What are these new fds, new tcp sockets? May be we are leaking etcd client connections.
The leaks seem to be between netplugin and etcd..
[admin@ucsb-blade2 compose]$ sudo ls -l /proc/48483/fd/28
lrwx------ 1 root root 64 Apr 18 17:09 /proc/48483/fd/28 -> socket:[213809]
[admin@ucsb-blade2 compose]$
[admin@ucsb-blade2 compose]$ sudo lsof | grep 213809
etcd 48483 root 28u IPv6 213809 0t0 TCP localhost:newoak->localhost:36302 (ESTABLISHED)
etcd 48483 48485 root 28u IPv6 213809 0t0 TCP localhost:newoak->localhost:36302 (ESTABLISHED)
etcd 48483 48486 root 28u IPv6 213809 0t0 TCP localhost:newoak->localhost:36302 (ESTABLISHED)
etcd 48483 48487 root 28u IPv6 213809 0t0 TCP localhost:newoak->localhost:36302 (ESTABLISHED)
etcd 48483 48488 root 28u IPv6 213809 0t0 TCP localhost:newoak->localhost:36302 (ESTABLISHED)
etcd 48483 48566 root 28u IPv6 213809 0t0 TCP localhost:newoak->localhost:36302 (ESTABLISHED)
etcd 48483 48567 root 28u IPv6 213809 0t0 TCP localhost:newoak->localhost:36302 (ESTABLISHED)

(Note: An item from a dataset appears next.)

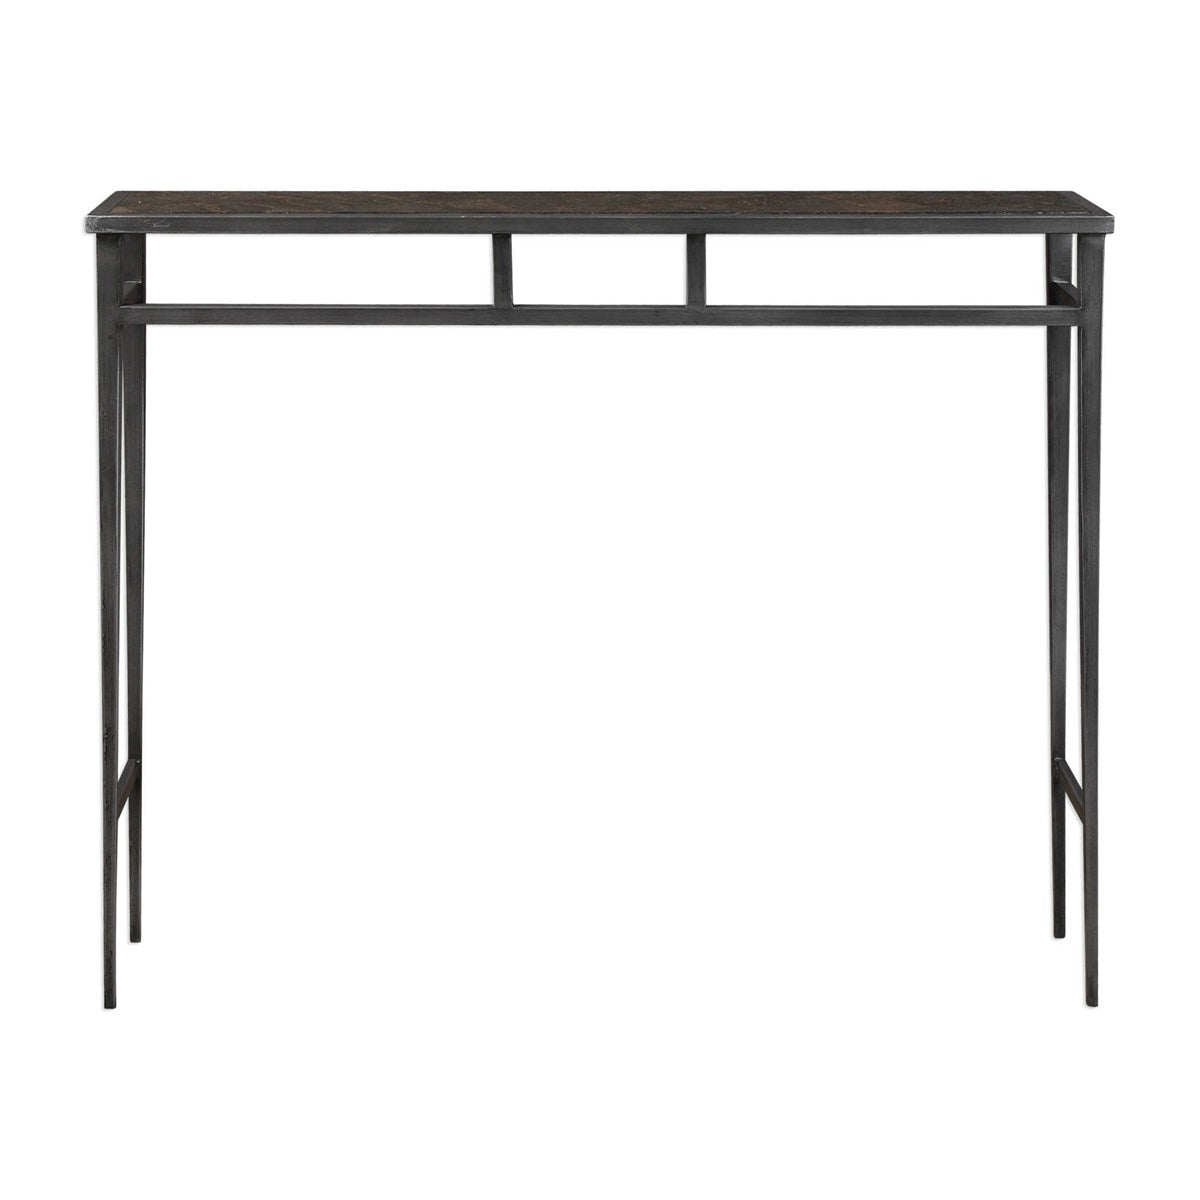 Firman Console Table - RSVP Style

[admin@ucsb-blade2 compose]$
[admin@ucsb-blade2 compose]$ sudo netstat -tnp | grep 36302
tcp 0 0 127.0.0.1:36302 127.0.0.1:4001 ESTABLISHED 51710/netplugin
tcp6 0 0 127.0.0.1:4001 127.0.0.1:36302 ESTABLISHED 48483/etcd
[admin@ucsb-blade2 compose]$
potential fix in https://github.com/contiv/netplugin/pull/325 need to be verified - MasterPostReq creates a newclient every time..and doesn’t seem to close it
awesome, thanks for digging in @vvb .
The same happens in my test environment. The opening socket between neplugin and etcd is keep increasing when doing container creation and deletion. The session number increased by 2 after create container, increase by 1 after delete container. The number stay the same even after one day.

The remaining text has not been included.